I have started preparing for Microsoft Certifications on SQL Server 2012 and I am spending a fair amount of time with SSAS Tabular since it’s the newest addition to MS BI stack and the one which I am not very accoustomed to. As I work with it more and more, I am starting to think about how would you go around designing the database on which the tabular model will be based. In the multi-dimensional world, this was an easy answer. You would almost always design the DW in Star/Snow-flake schema or atleast expose the DW as Star/Snow-flake schema through SQL Server Views or Data Source View (DSV). In SSAS Tabular, it appears to me, that this not really necessary.
Do I really need to segregate data in facts and dimension?
I can create measure out of any column in any table in SSAS Tabular. It doesn’t have to be from a fact table so why separate out facts and dimensions? Assume that I have a ‘House’ dimension with ‘NumberOfRooms’ as attribute. In SSAS Multidimensional, if the users wanted to slice and dice ‘NumberOfRooms’ by other attributes of house dimension or any other dimension, you would have to some how surface this as a fact table. SSAS Tabular will happily allow you to create measure out of this column although it’s in a dimension table. In theory, you can point the tabular model to the normalized OLTP database and still be able to give users the ability to slice and dice the data just like SSAS Multidimensional.

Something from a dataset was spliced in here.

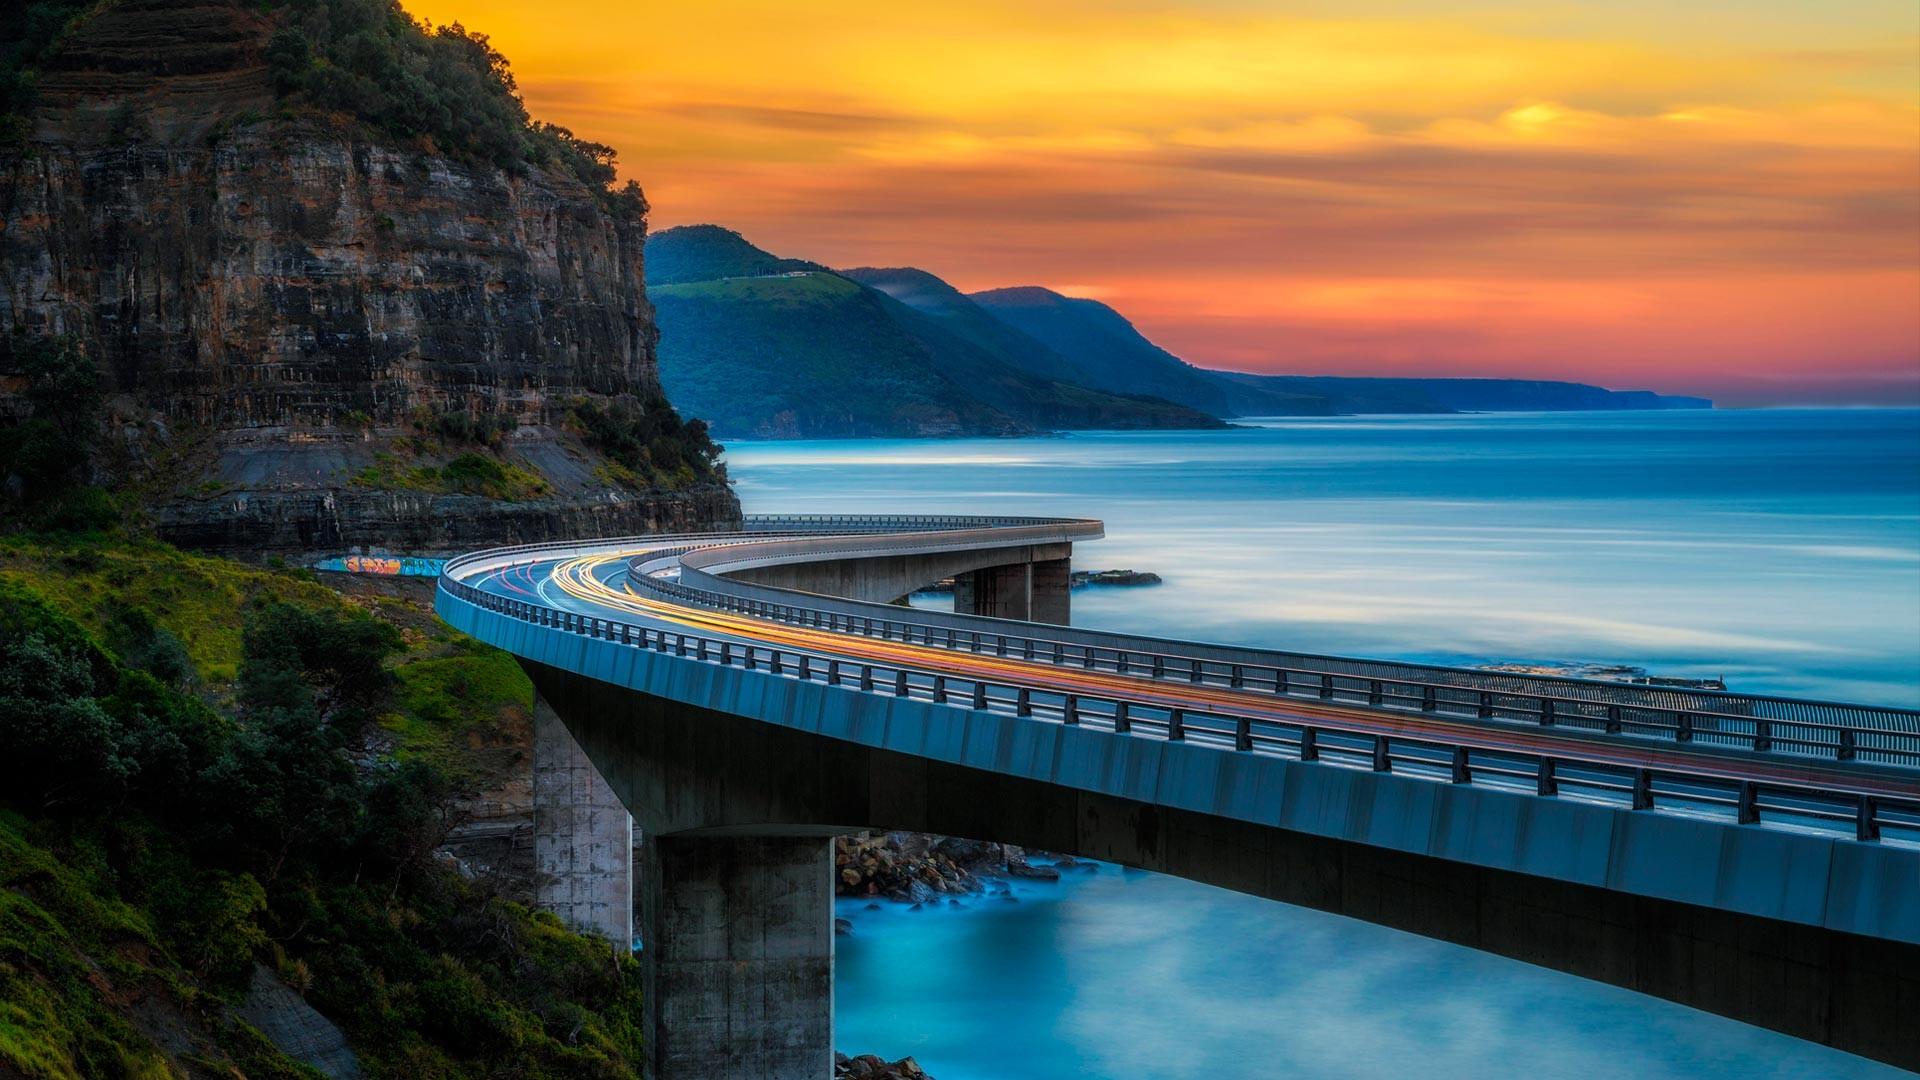 Res: 1920x1080, Sea Cliff Bridge from Bing.com
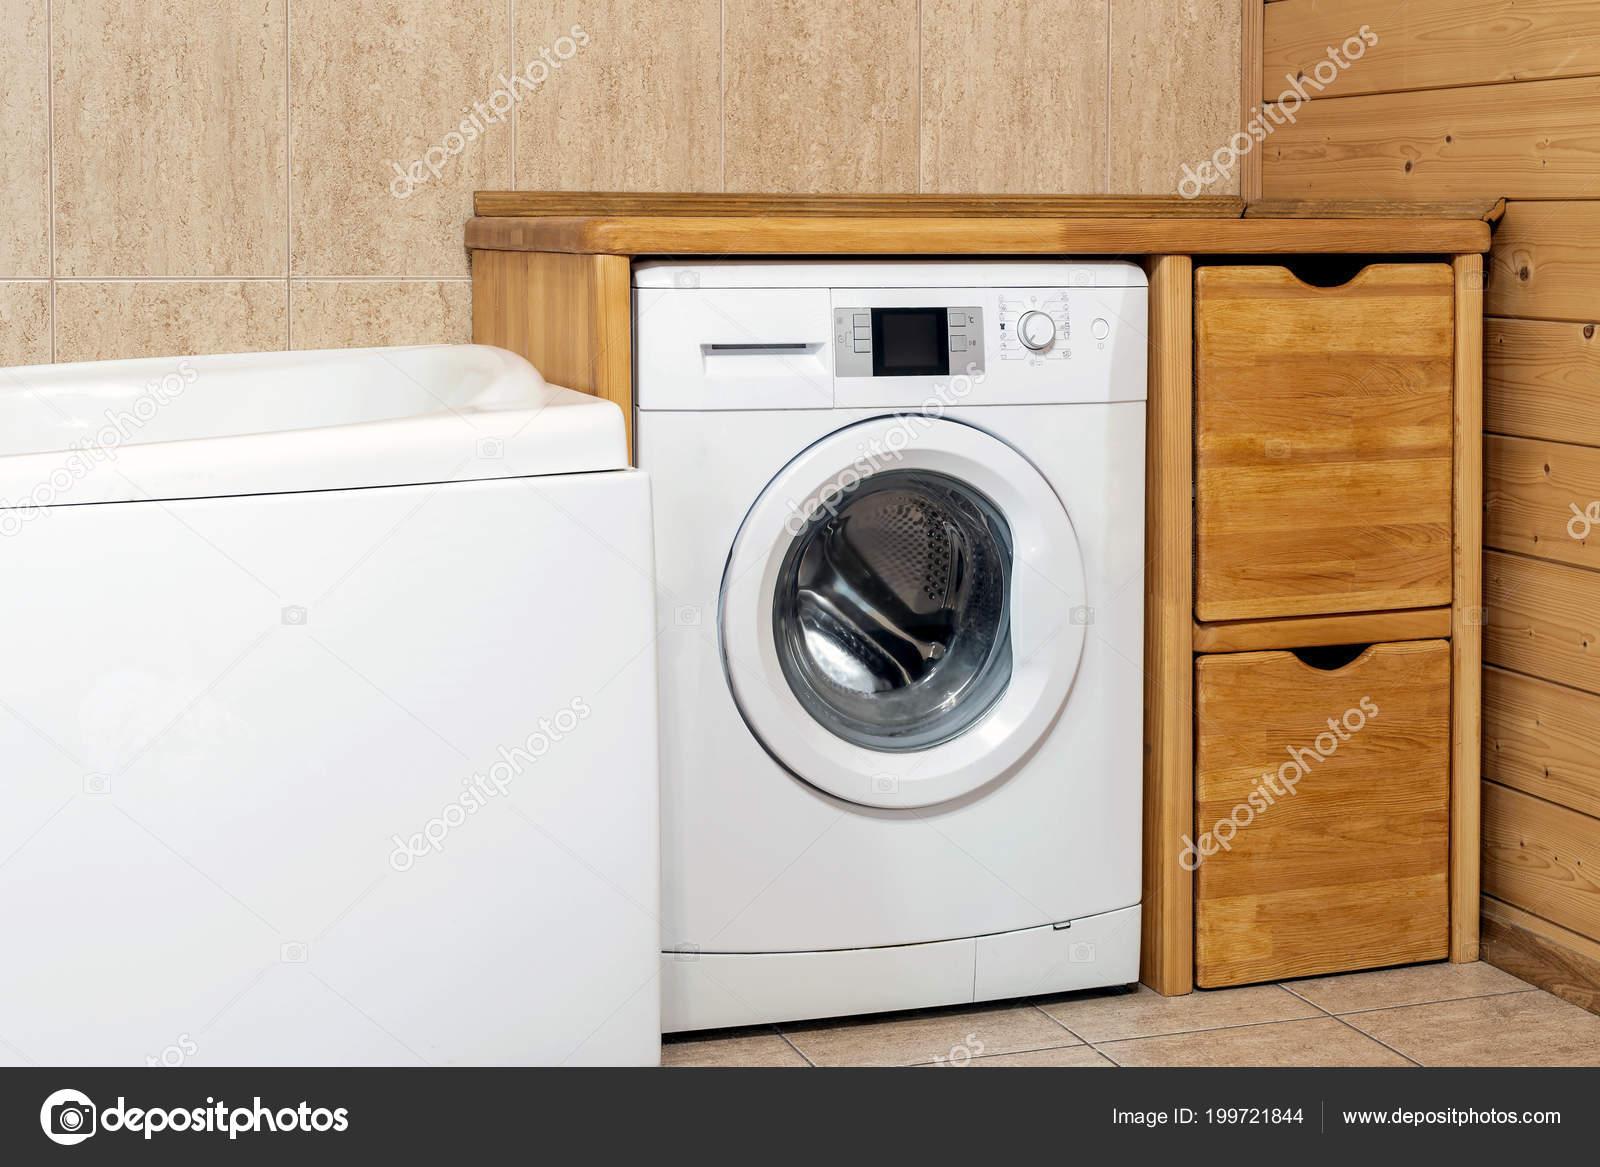 Wasmachine In Badkamer : Rustieke badkamer interieur wasmachine overdekte wiith houten

Normalized Or Denormalized, that is the question..
There would be obvious issues with building the tabular model on a normalized schema.One, since the database is normalized, the sheer number of tables will be very large. Two, maintaining relationships between the tables would be painful.Three, the model itself can be confusing for end users. On the other hand, building a fully denormalized schema when you don’t really need it adds complexity to the project, especially in the ETL. I don’t think I need to reiterate that the complex part of DW project is ETL and around 60-70% effort are spent on this phase. So it appears like we need some middle ground.
Enter Entity Based design..
I have always perceived the DW as a collection of entities like product, sales, employee etc. which have relationship with each other. The star schema is similar but the dimensions don’t have relationship with each other directly. They are related to each other through the fact table. Plus, the dimensions are denormalized so as much as possible information is crammed into them. I guess what I am trying to say is we don’t need a fully denormalized structure and at the same time we don’t want the datawarehouse in 3NF. We would need to find a middle ground so that it is just about corretly denormalized and normalized at the same time. In my opinion, the way to get to this is to think of DW in terms of entities and how they interact with each other rather than classifying the data into dimension and facts.
Of course, these are all my prilimanary thoughts and are very much open to issues. I guess we would have to wait for wide spread adoption of the tabular model and learn from people who did it.